Every line below needs to be transcribed without alteration, and no image may be carried over.

* Exercise data:
------------------------------------

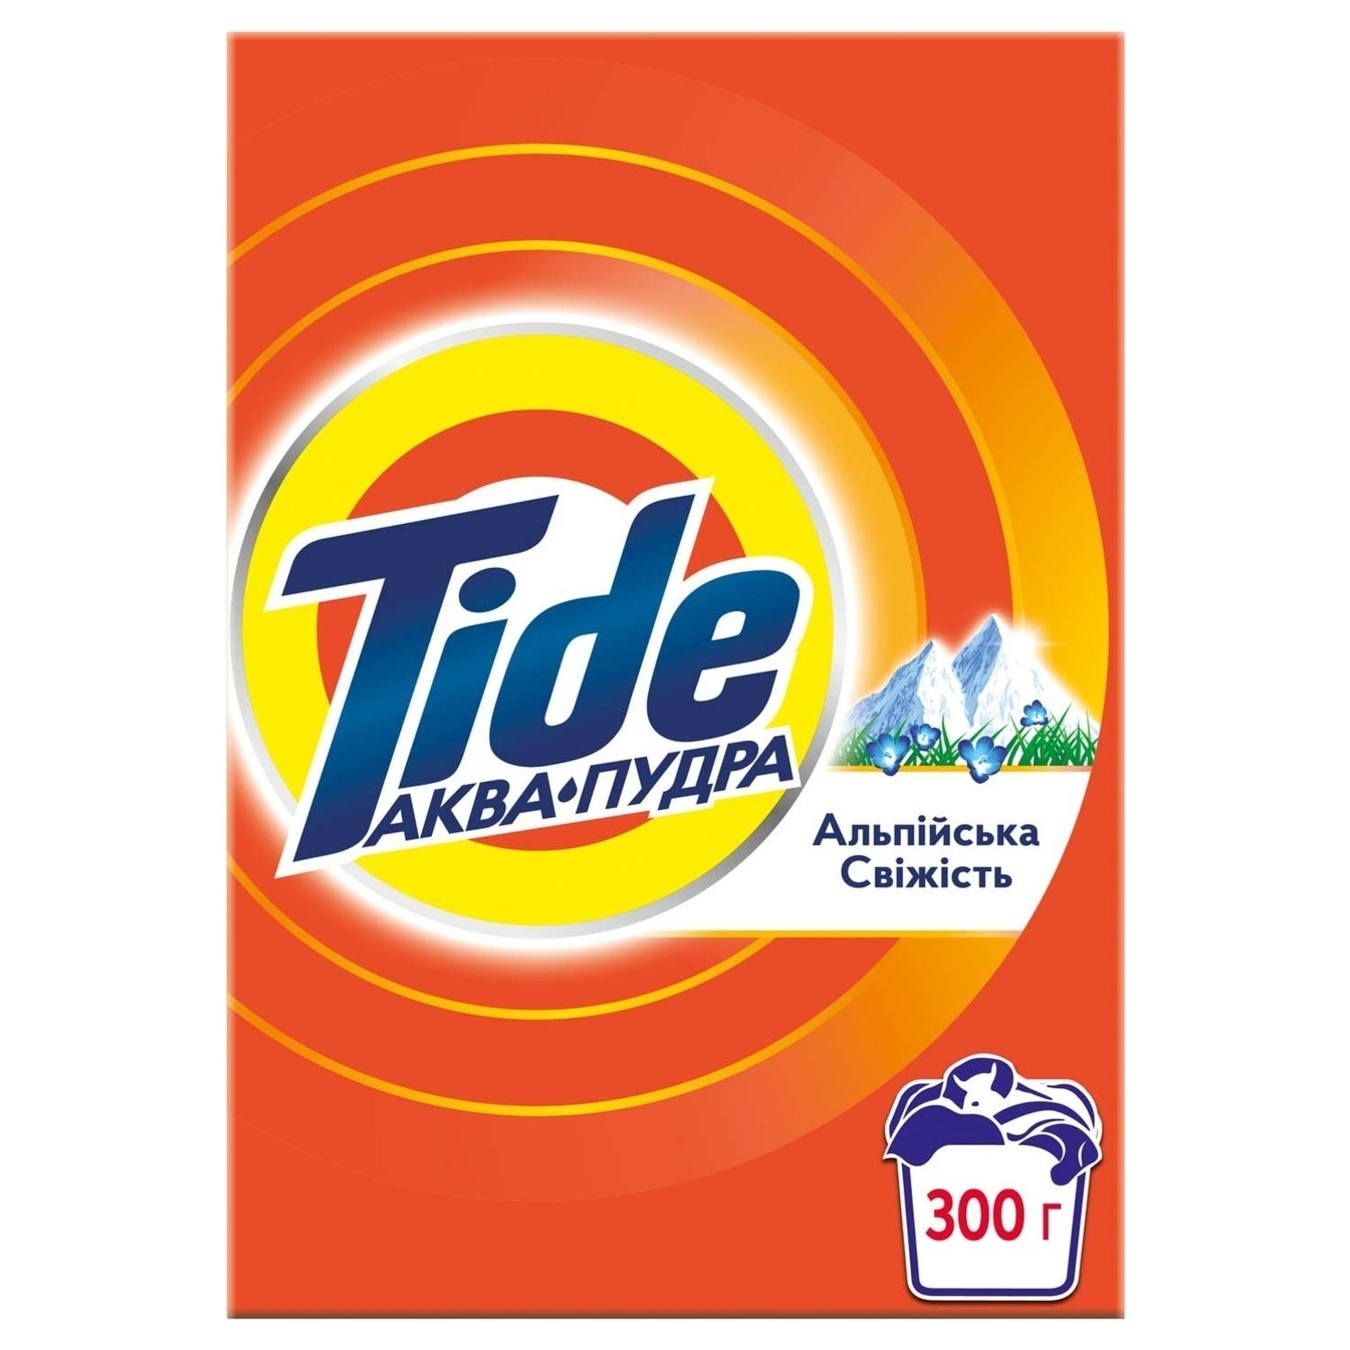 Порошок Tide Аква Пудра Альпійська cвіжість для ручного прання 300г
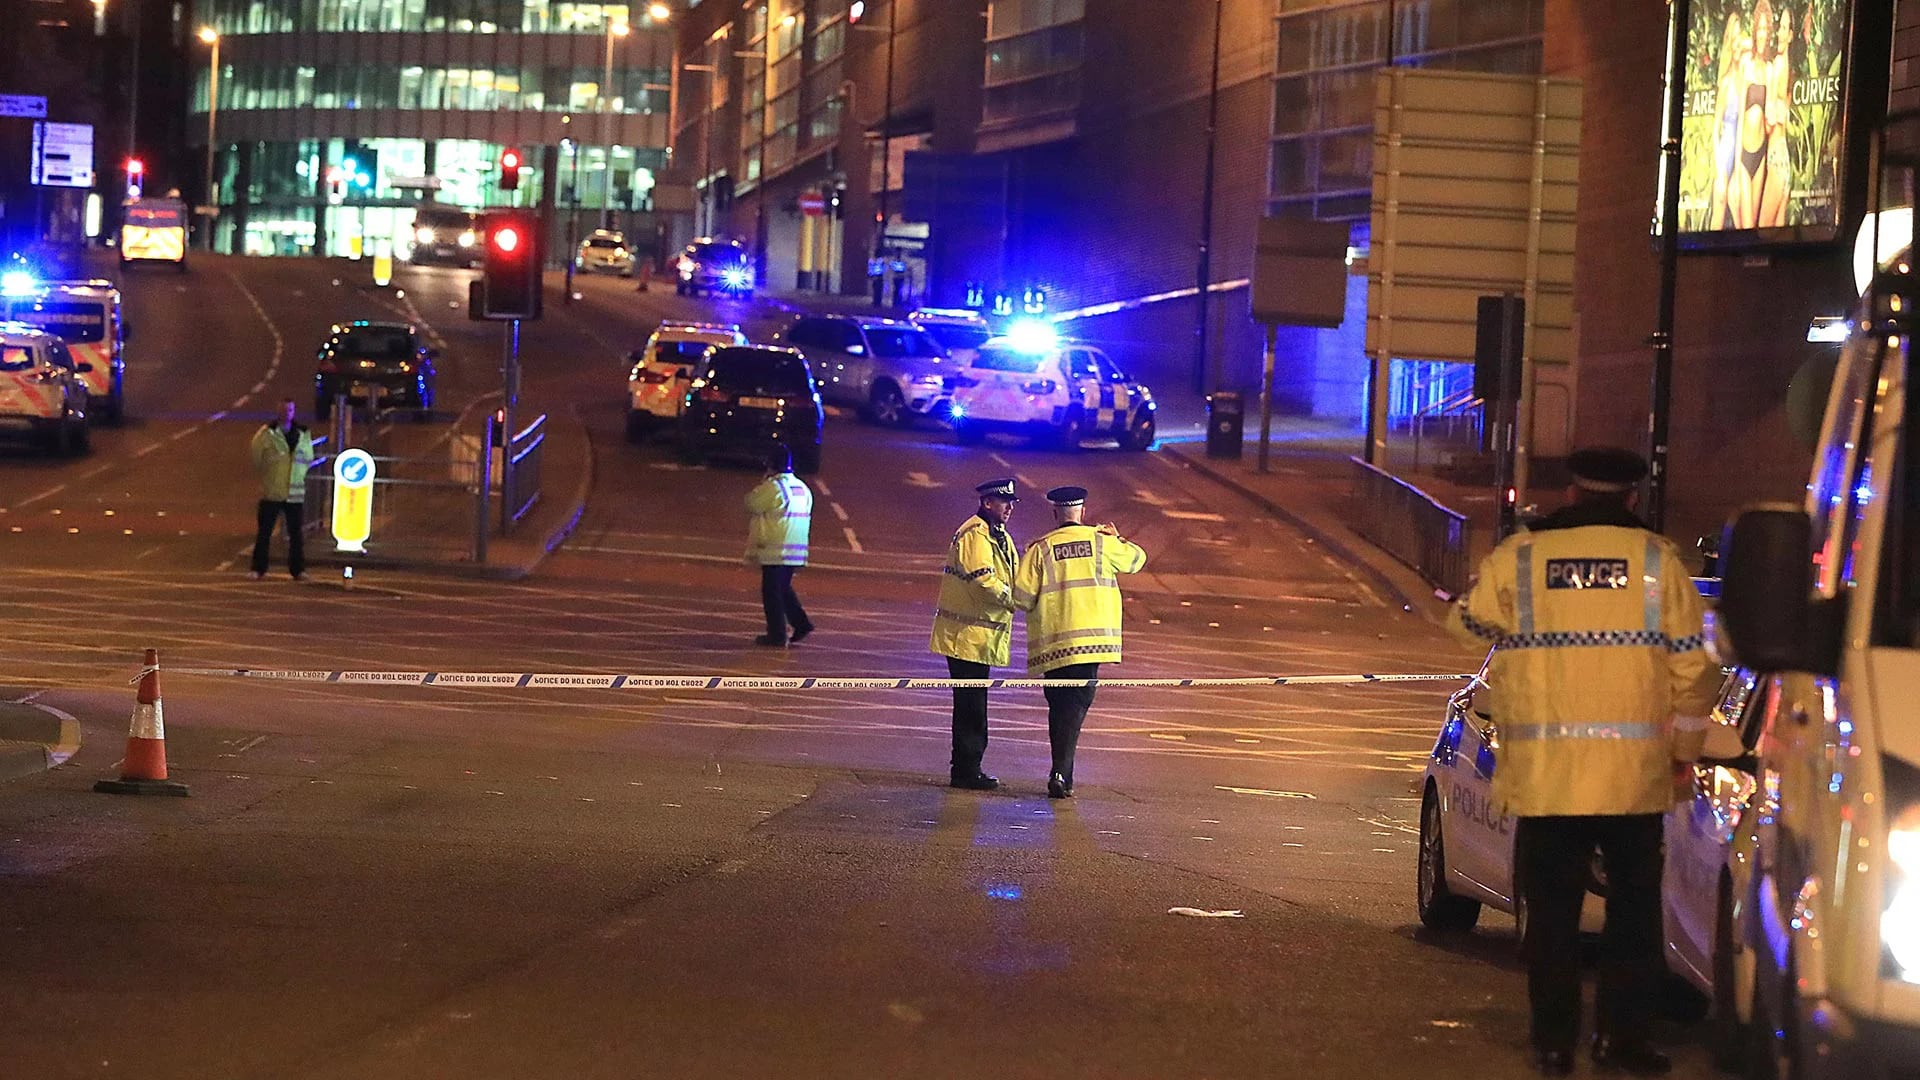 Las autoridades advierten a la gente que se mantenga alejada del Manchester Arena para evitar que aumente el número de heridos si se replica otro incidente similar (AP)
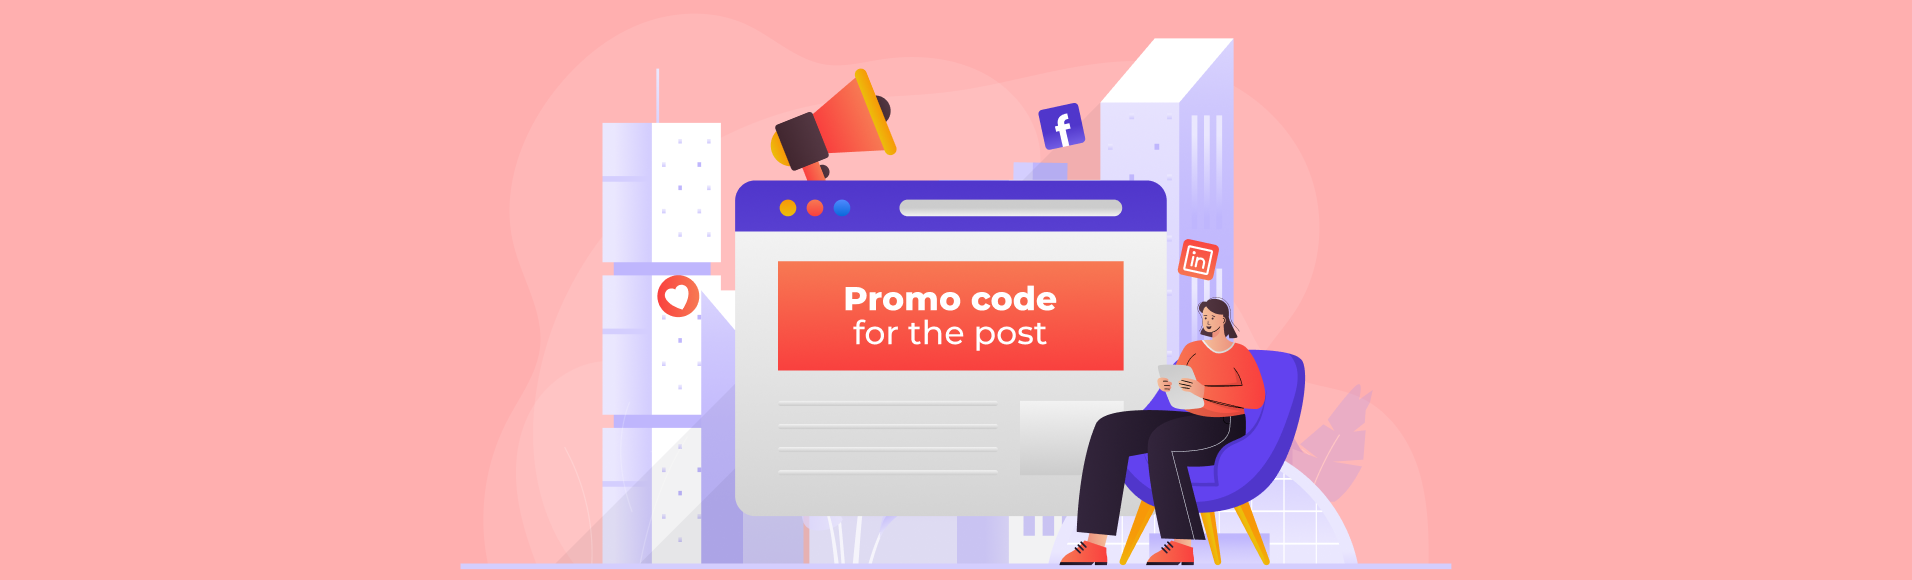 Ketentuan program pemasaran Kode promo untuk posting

------------------------------------

* Written response:
 Порошок Tide Аква Пудра Альпійська cвіжість для ручного прання 300г
 Las autoridades advierten a la gente que se mantenga alejada del Manchester Arena para evitar que aumente el número de heridos si se replica otro incidente similar (AP)
 Ketentuan program pemasaran Kode promo untuk posting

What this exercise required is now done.